People choose to save for a variety of reasons. Whether that is for a new car, a new house, or anything worthwhile, there are good reasons to save.

Too often, though, smart, well-educated people with high salaries don’t know how to invest their hard-earned money.

Far too often, too, these people will poorly choose to spend that money on get-rich-quick schemes or get stretched on too many spending liabilities.

A major problem is that people tend to spend their salaries while forgetting to to invest and grow their money in an efficient way.

Listed below are three reasons that people sometimes shove their cash away from them over smarter alternatives.

1. Taxes

People who work really hard sometimes have a harder time building great wealth because they pay far more in taxes.

The government taxes savers when they earn, invest, spend and pass on their money, on income, capital gains, sales, and estate taxes.

Far too often people are crushed by Uncle Sam when, in reality, there are ways to avoid a huge tax burden.

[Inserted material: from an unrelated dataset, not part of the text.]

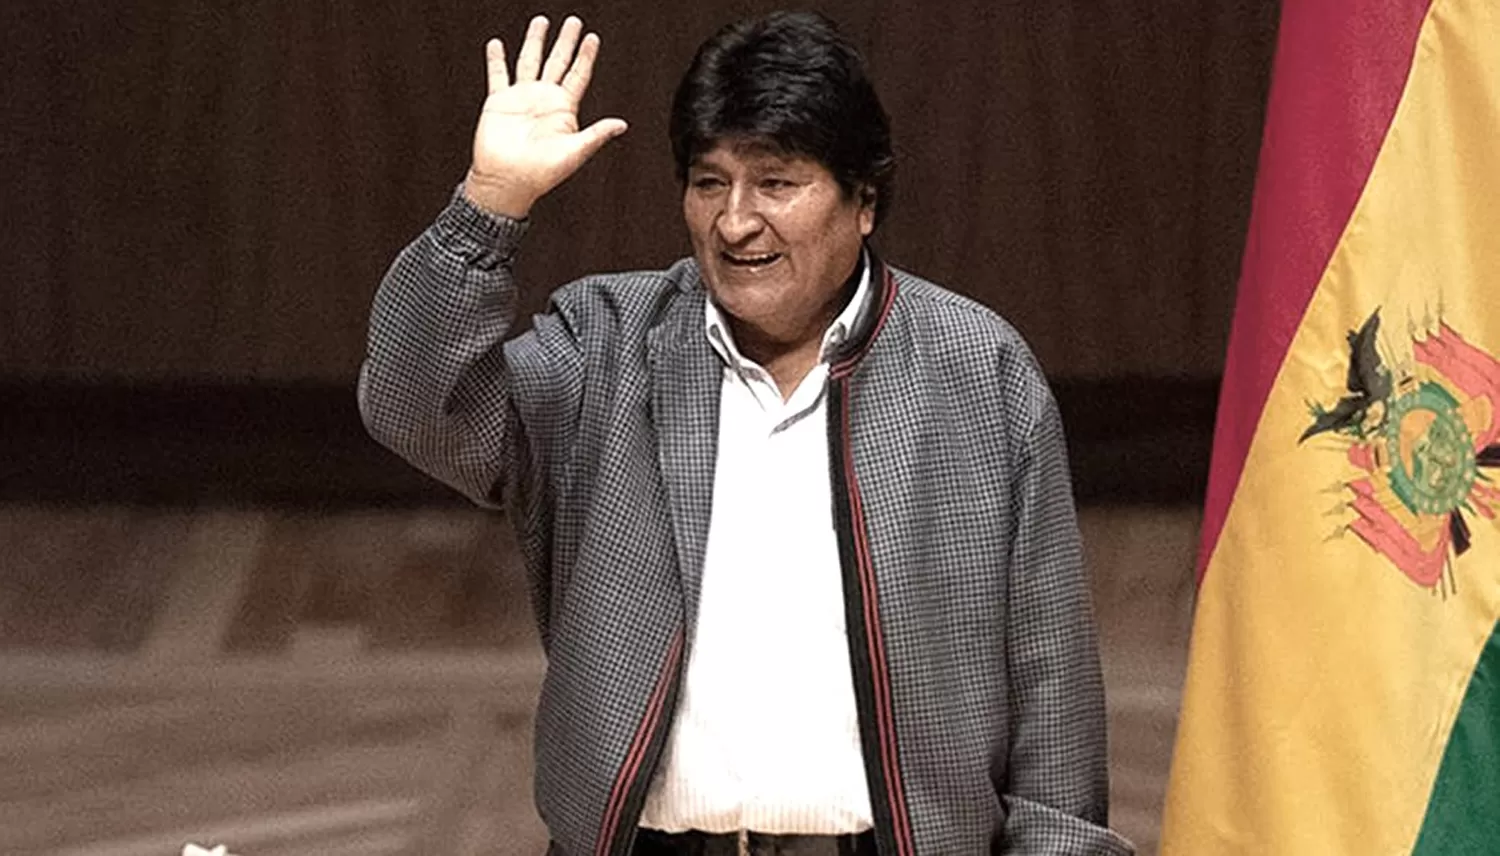 Volveremos pronto, el mensaje de Evo Morales a los bolivianos
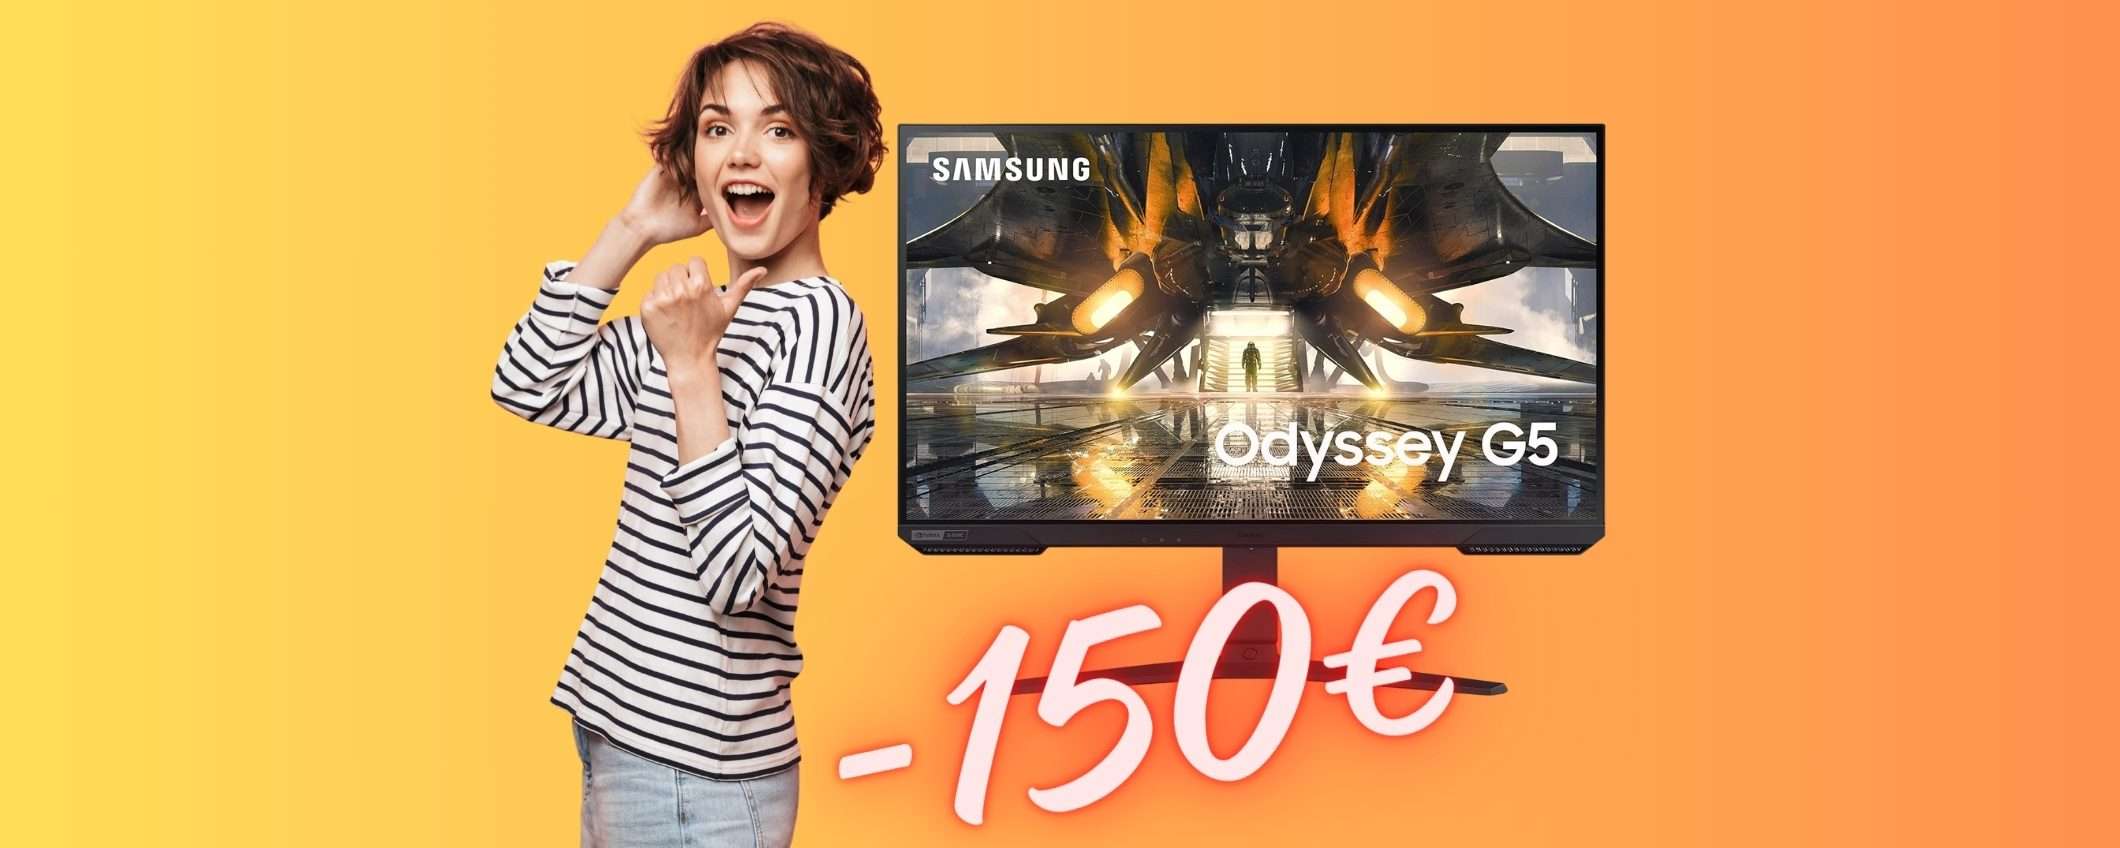 Samsung Odyssey G5: monitor da gaming in SCONTO di 150€ su Amazon

For example, high income folks can create an LLC, which has a plethora of tax advantages.

Another thing people often forget is to check if they qualify for earned-income tax credits.

Tax income credits apply to people with low and moderate incomes. They can offer credits as high as $6,000. People earning less than $50,000 should really look to see if this applies to them.

2. Inflation

Savers truly are losers in the economy when it comes to inflation.

Think of having $1,000. Each year you hold that money, your $1,000 is worth less. Each year, the meager interest the bank pays is eaten away by inflation, too.

Working hard and saving money in the bank alone is no way to get rich. Money has to grow, and it has to grow faster than inflation for sure. That means investing.

Inflation also really hurts older folks. People with fixed incomes are hurt badly when their purchasing power diminishes over time.

3. Avoiding risk

People work hard and keep their money in savings accounts for security. But saving becomes troublesome for those who spend all their energy saving and have extreme fears that cash could be lost.

Often, those same people think that investing is risky. In reality, they are just missing out.

Instead of taking a perceived risk to grow cash at higher rates, people will opt out and take the “safe” route of saving because it’s really all they understand.

Realistically, saving is not safe. It’s just seen that way.

In fact, saving could be the riskiest way when handling your money. It’s a guaranteed loss, thanks to inflation.

Bottom line: Yes, save money, but do it in a tax-efficient way and don’t forget to invest some for the future.